While a variety of anti-inflammatory diets exist, they generally prioritize eating a variety of:
- whole grains
Simultaneously, you should decrease your consumption of:
- animal products
- added vegetable oils
- unhealthy fats
- refined grains
Exercising benefits our bodies in many ways, one of which includes pain relief.
When we exercise, our bodies release endorphins that change the way we experience pain. Simply put, the more endorphins our bodies produce, the less pain we feel.
To get your endorphins flowing, aim to engage in aerobic workouts, such as:
- jumping rope
Nonsteroidal anti-inflammatory drugs (NSAIDs), like ibuprofen, are particularly beneficial for relieving period pain because they reduce the production of prostaglandins.
Plus, the power of NSAIDs doesn’t stop there: They may also help reduce menstrual flow by up to 20 to 30 percent.
Dr. Sasan recommends taking 600 milligrams every six hours—and correct timing is vital, as well. “I encourage women not to wait until their pain is a 10 out of 10,” she advises, but rather at the onset to prevent it from getting worse.
Additional Ways to Reduce Period Pain
- supplements, such as dong quai and chasteberry
- sleep (lack of sleep can make us more sensitive to pain)
- stress-reduction techniques (stress can increase menstrual pain)
- topical heat
If period pain is disrupting your life or you’re concerned that it may signal a greater health issue, Dr. Sasan recommends checking in with your doctor.

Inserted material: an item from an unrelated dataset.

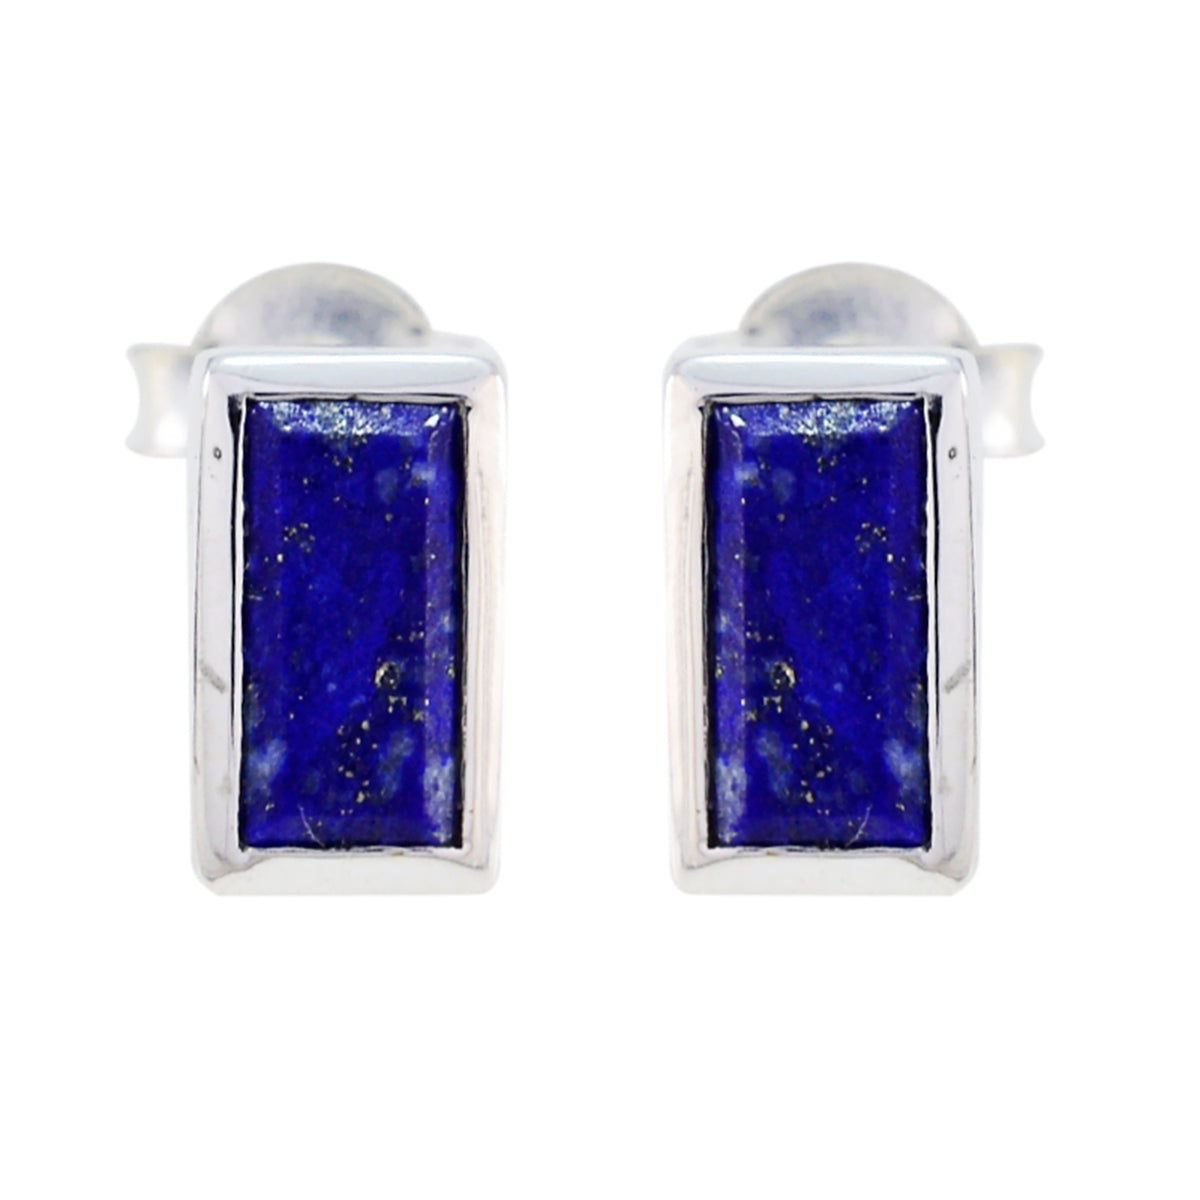 Riyo Beeindruckender 925er Sterlingsilber-Ohrring für Damen, Lapislazuli-Ohrring, Lünettenfassung, blauer Ohrring-Bolzenohrring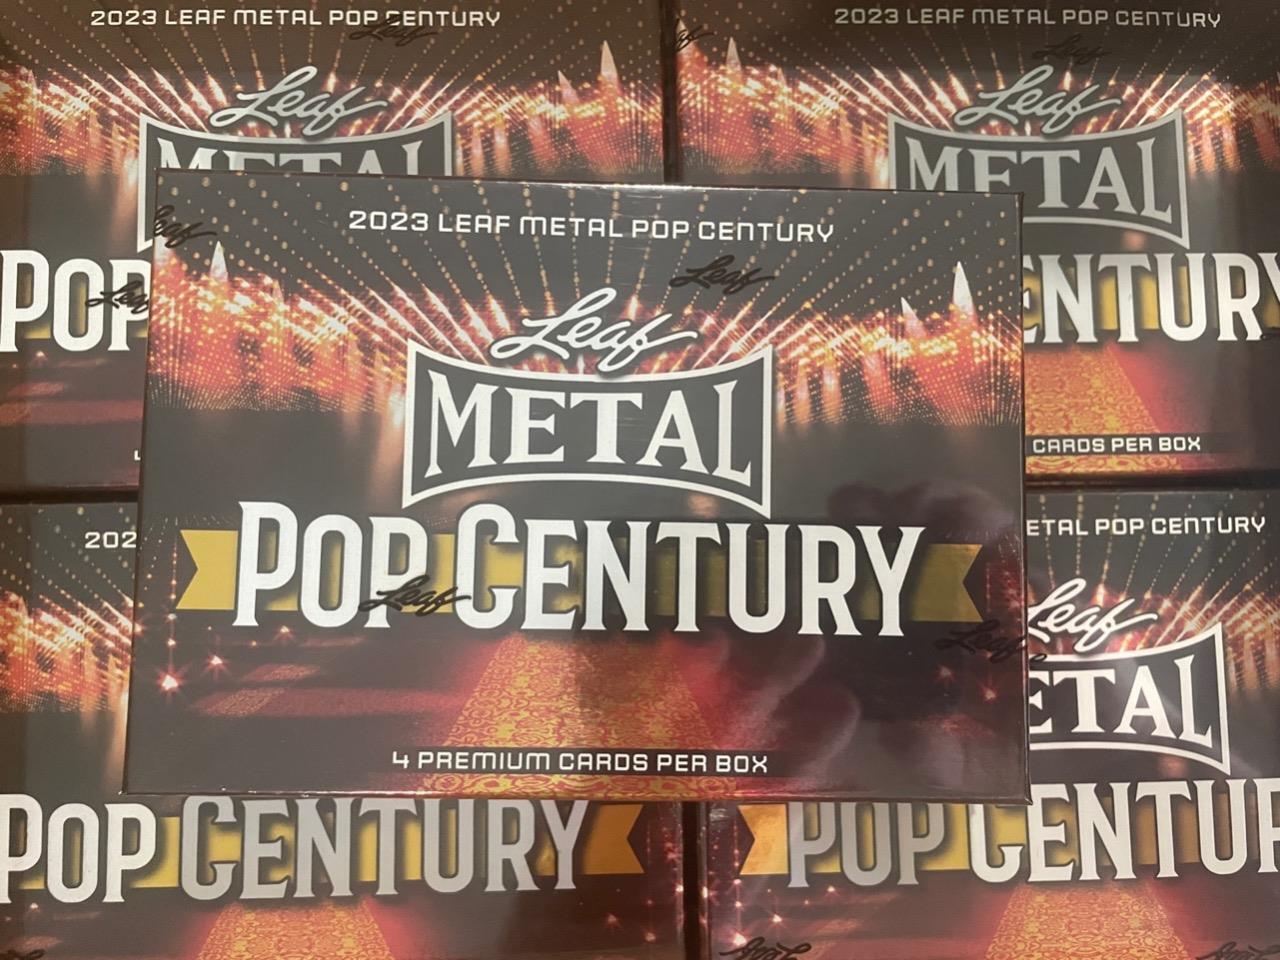 2023 Leaf Metal Pop Century Factory Sealed Box 4 hits per box

She also explains what to anticipate when speaking with your gynecologist about period pain.
The first thing your doctor will do is review your symptoms, menstrual cycle, and pain history. Second, she says they’ll perform an evaluation, “which may include a pelvic exam and sonogram to rule out any other issues.” Lastly, your doctor will discuss treatment options to find something you feel comfortable with.
The most important thing Dr. Sasan wants everyone to remember is to not suffer in silence. There are many available options to relieve period pain, and she wants everyone to feel empowered to find the right fit for themselves.